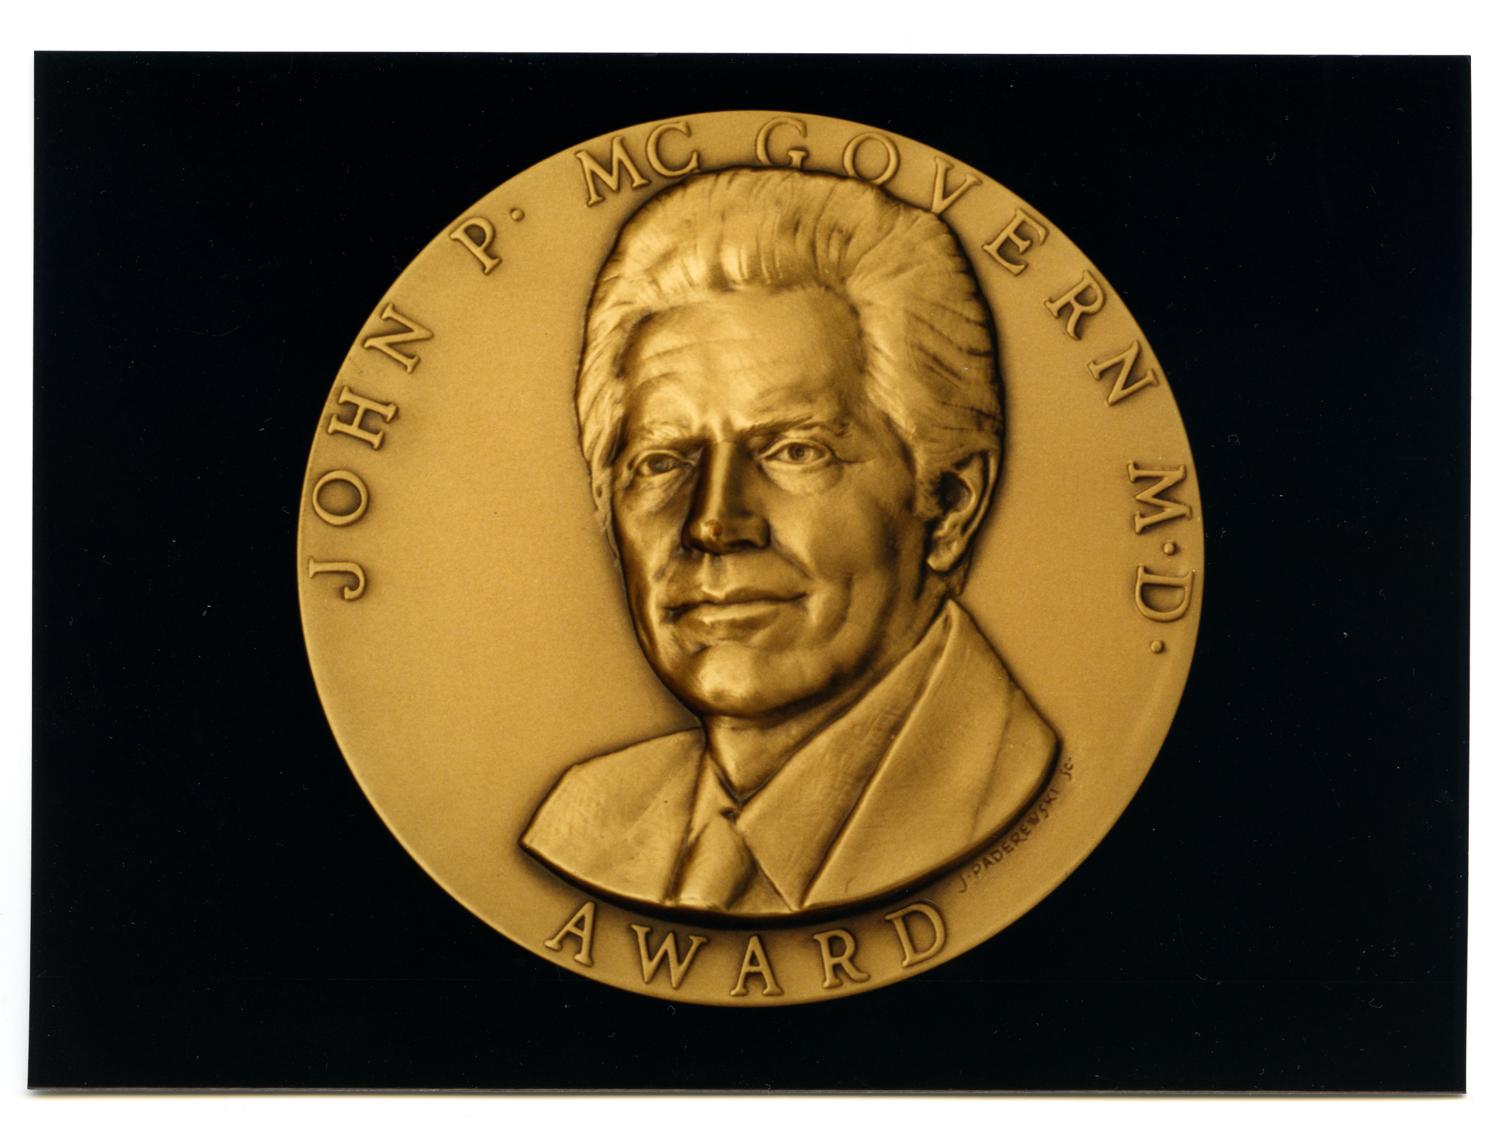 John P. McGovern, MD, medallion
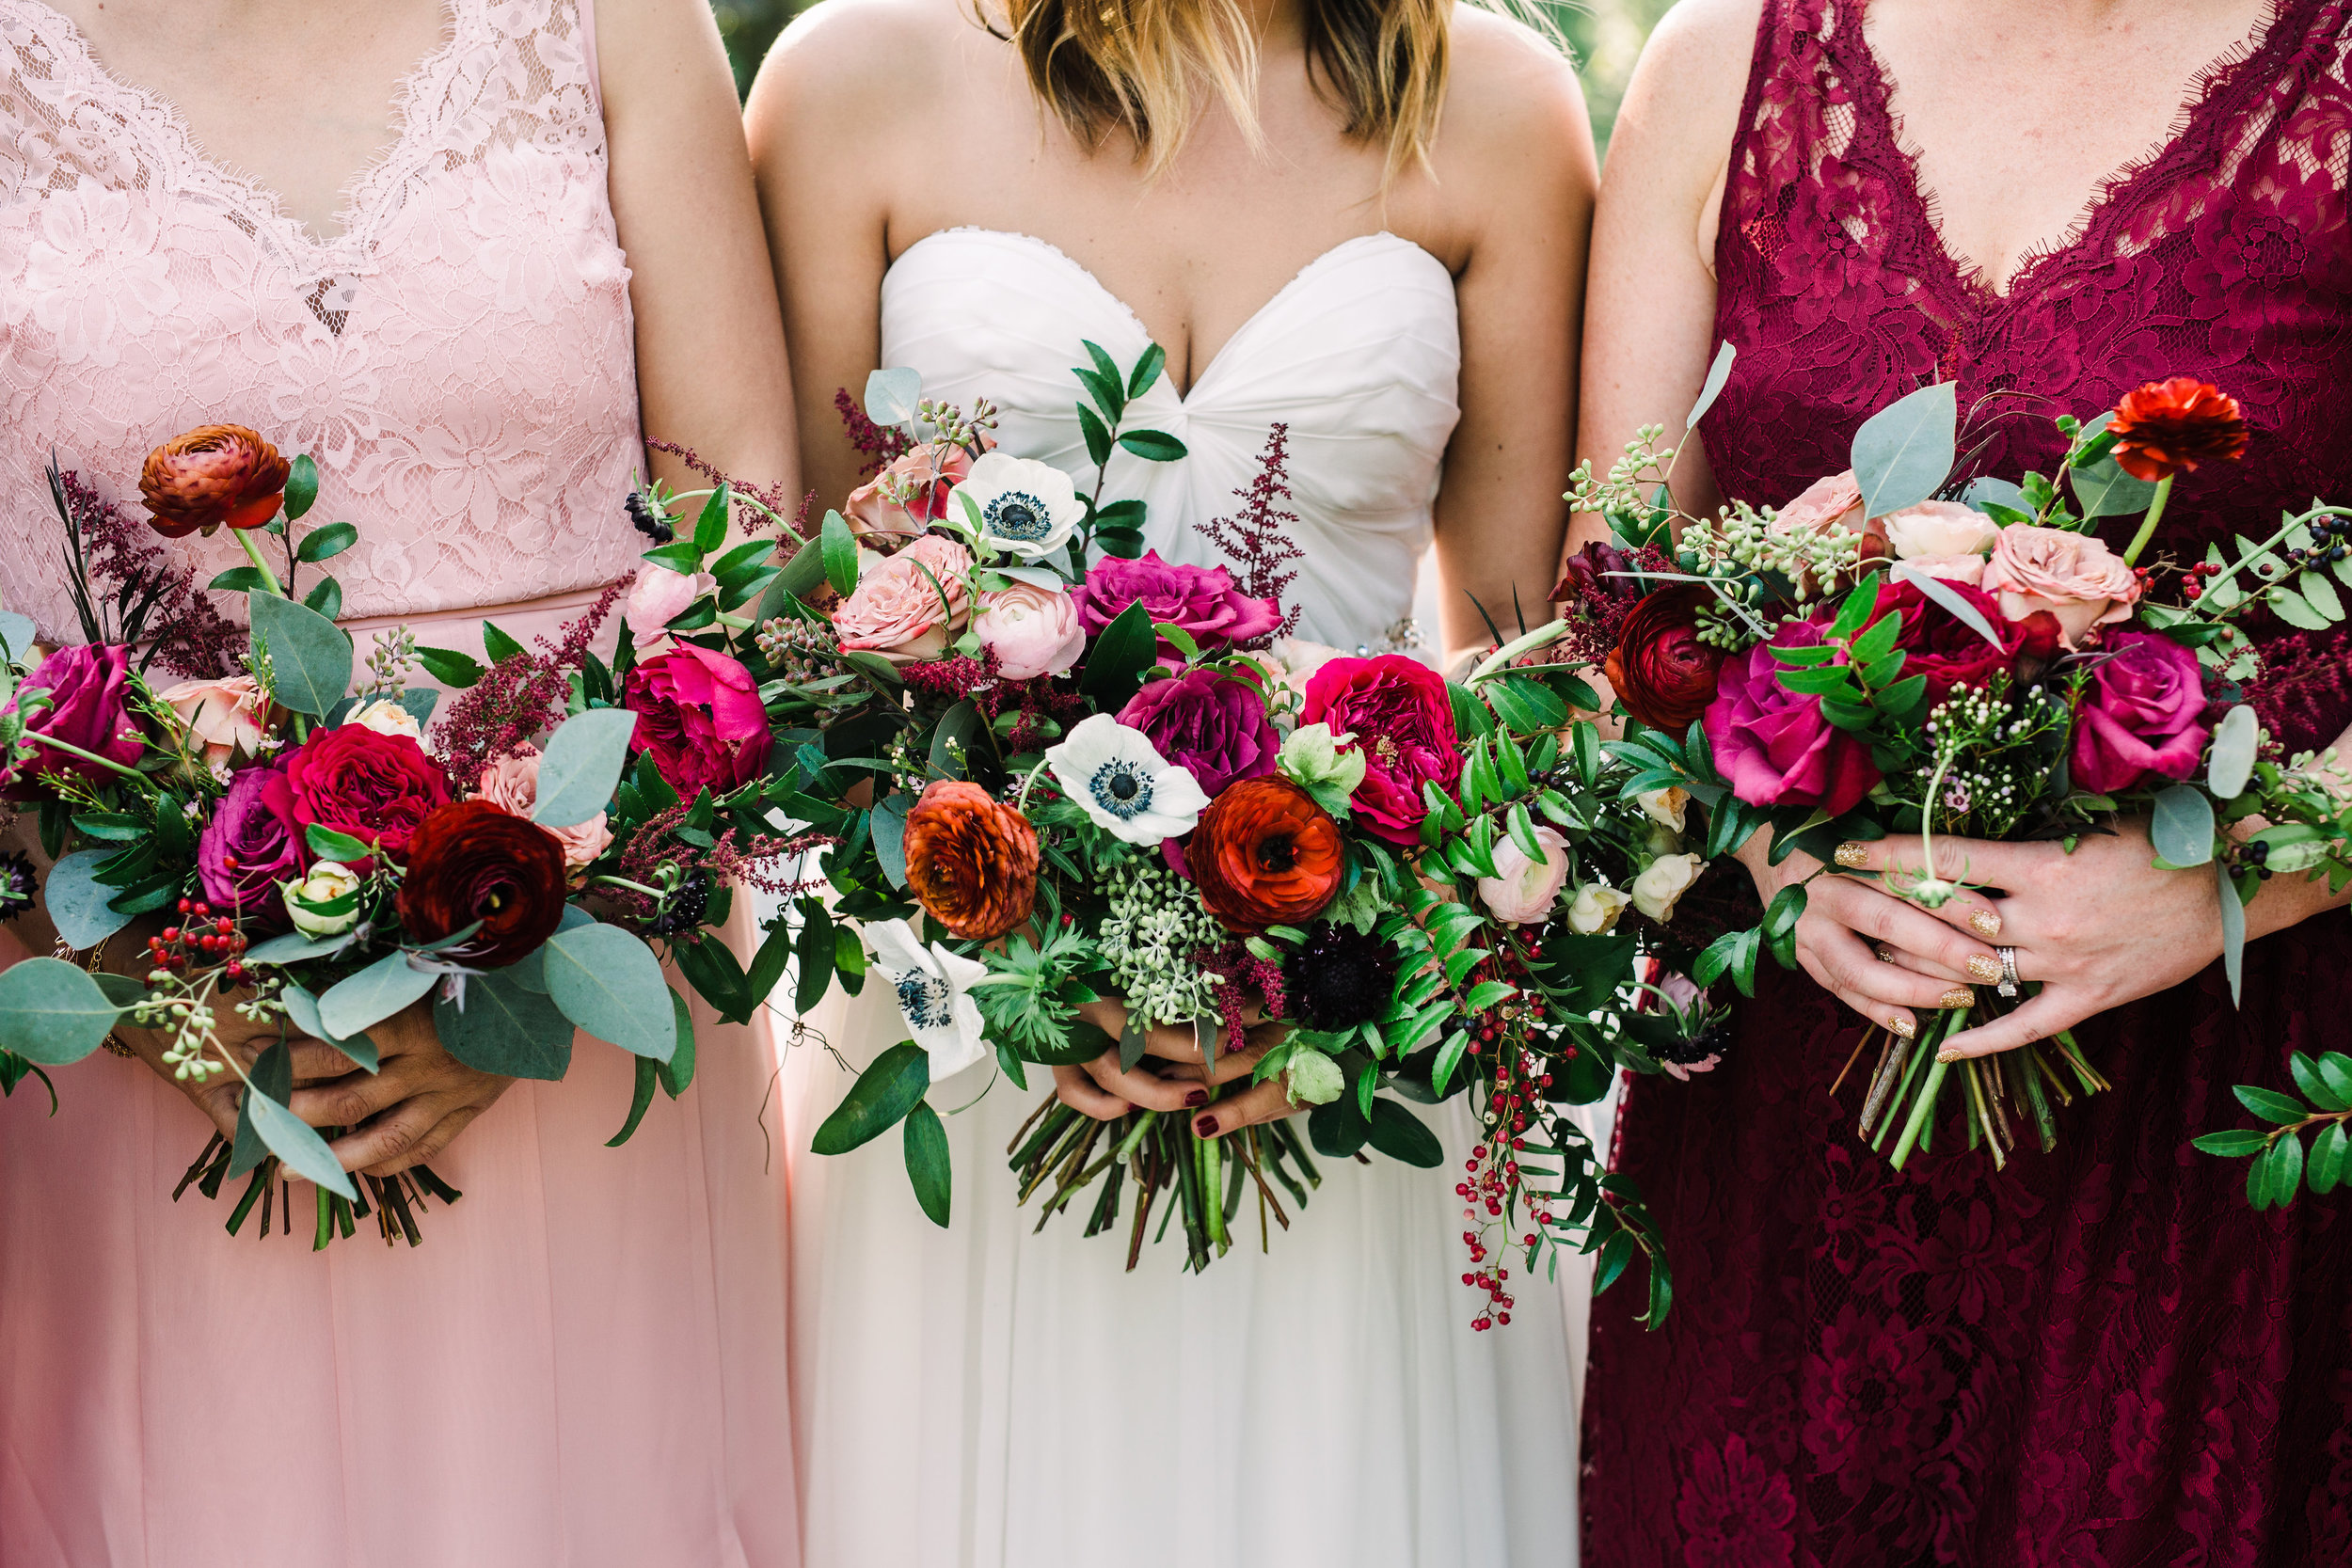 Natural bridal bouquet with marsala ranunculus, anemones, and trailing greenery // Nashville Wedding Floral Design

---

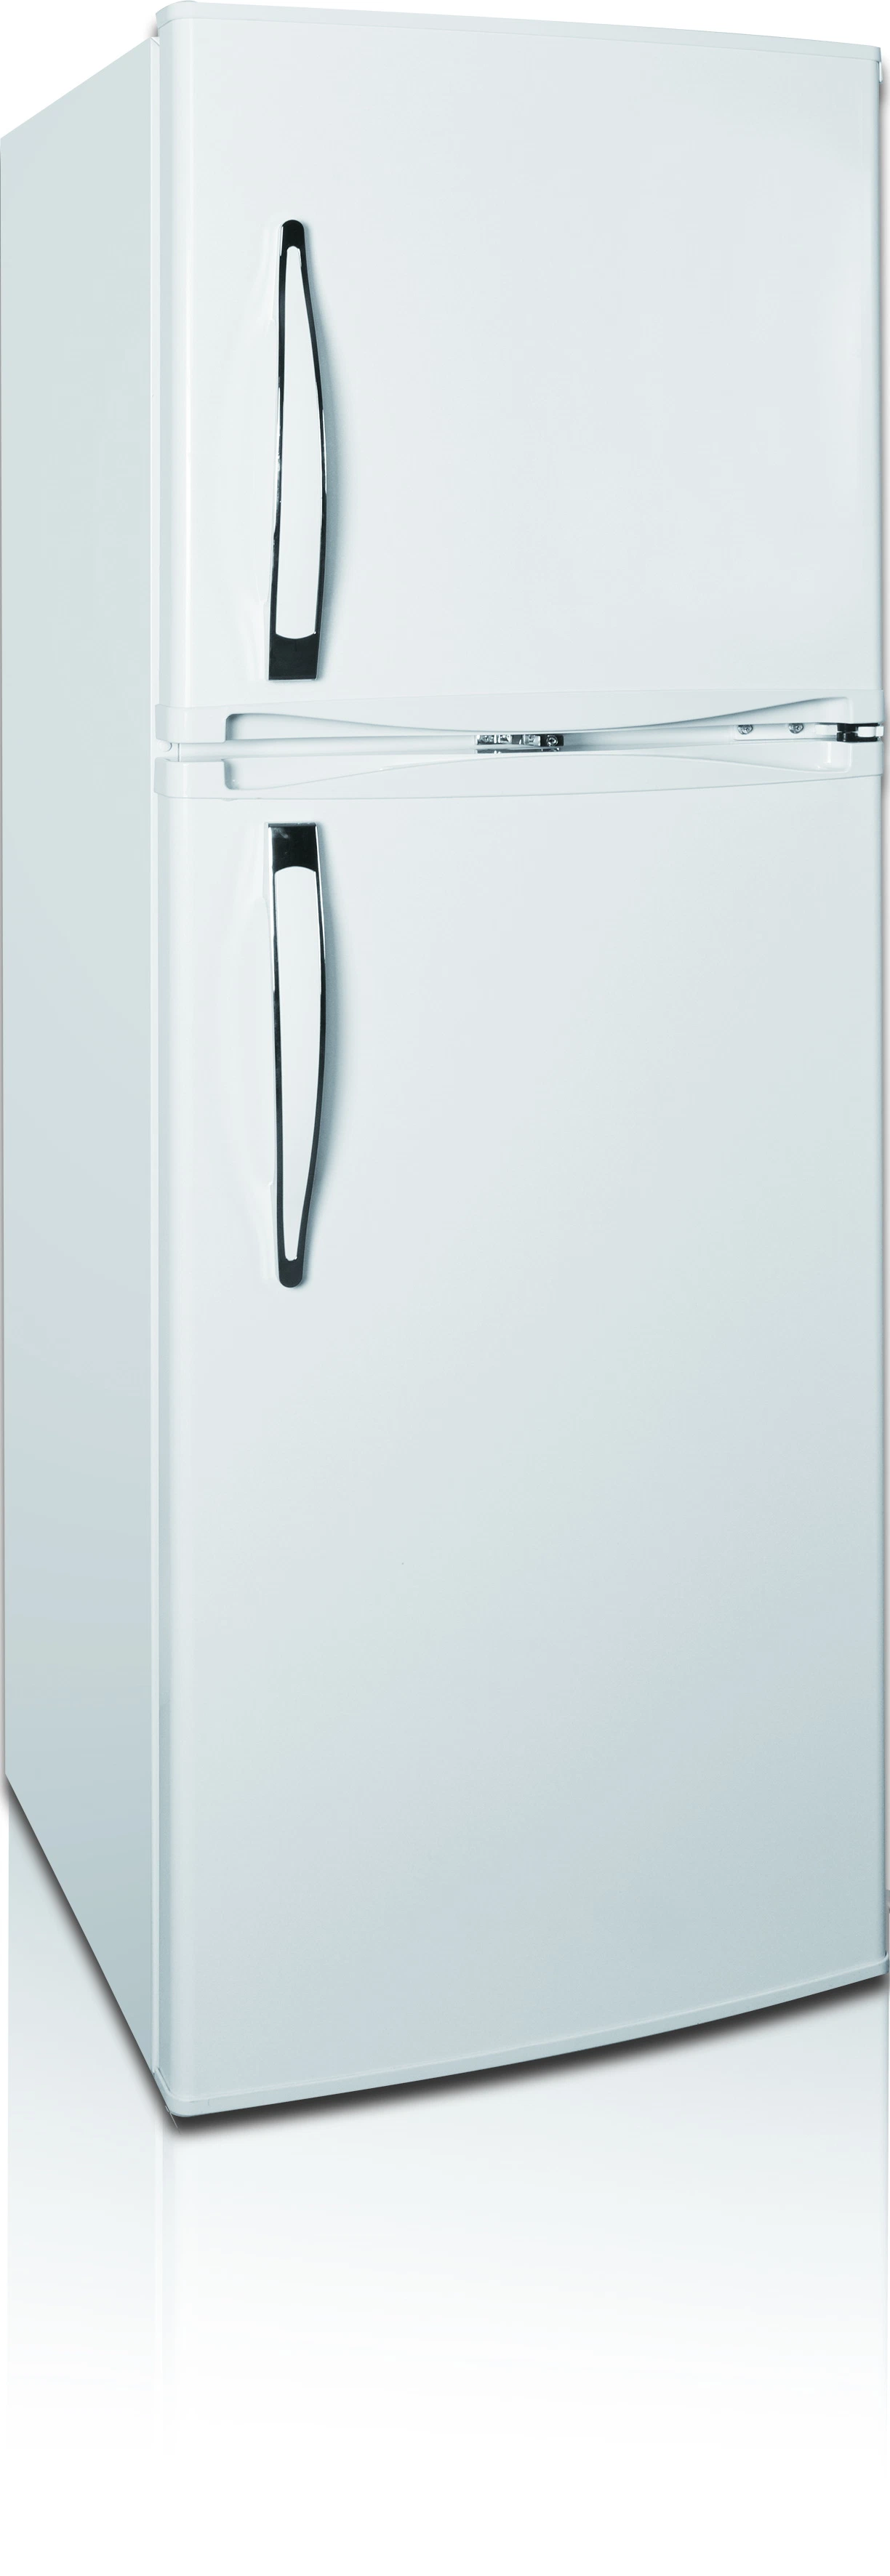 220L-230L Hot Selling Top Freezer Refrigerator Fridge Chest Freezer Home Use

---

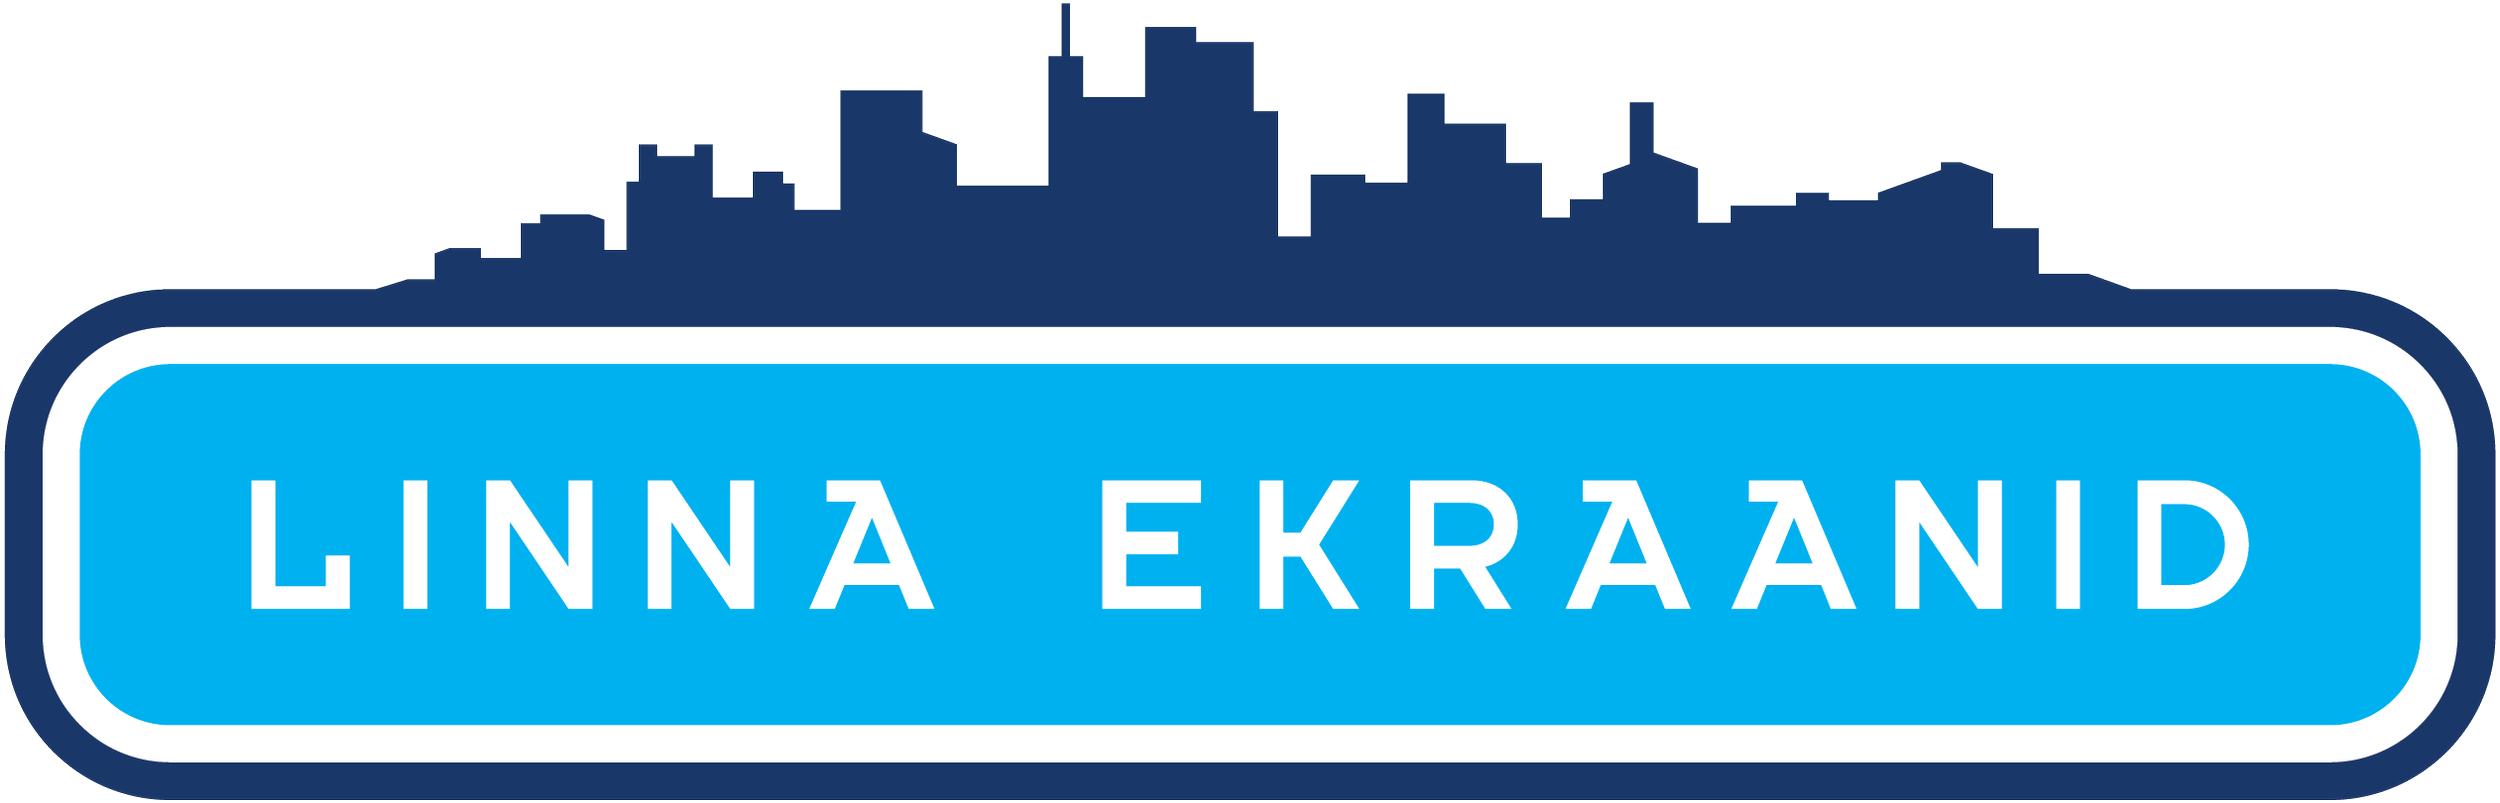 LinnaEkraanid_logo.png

Your objective:
Copy only what lies between the line with "John P. McGovern, MD, medallion" and the line with "Natural bridal bouquet", those two lines included, exactly as given above; pictures stay out.

Result of this task:
 John P. McGovern, MD, medallion
 Natural bridal bouquet with marsala ranunculus, anemones, and trailing greenery // Nashville Wedding Floral Design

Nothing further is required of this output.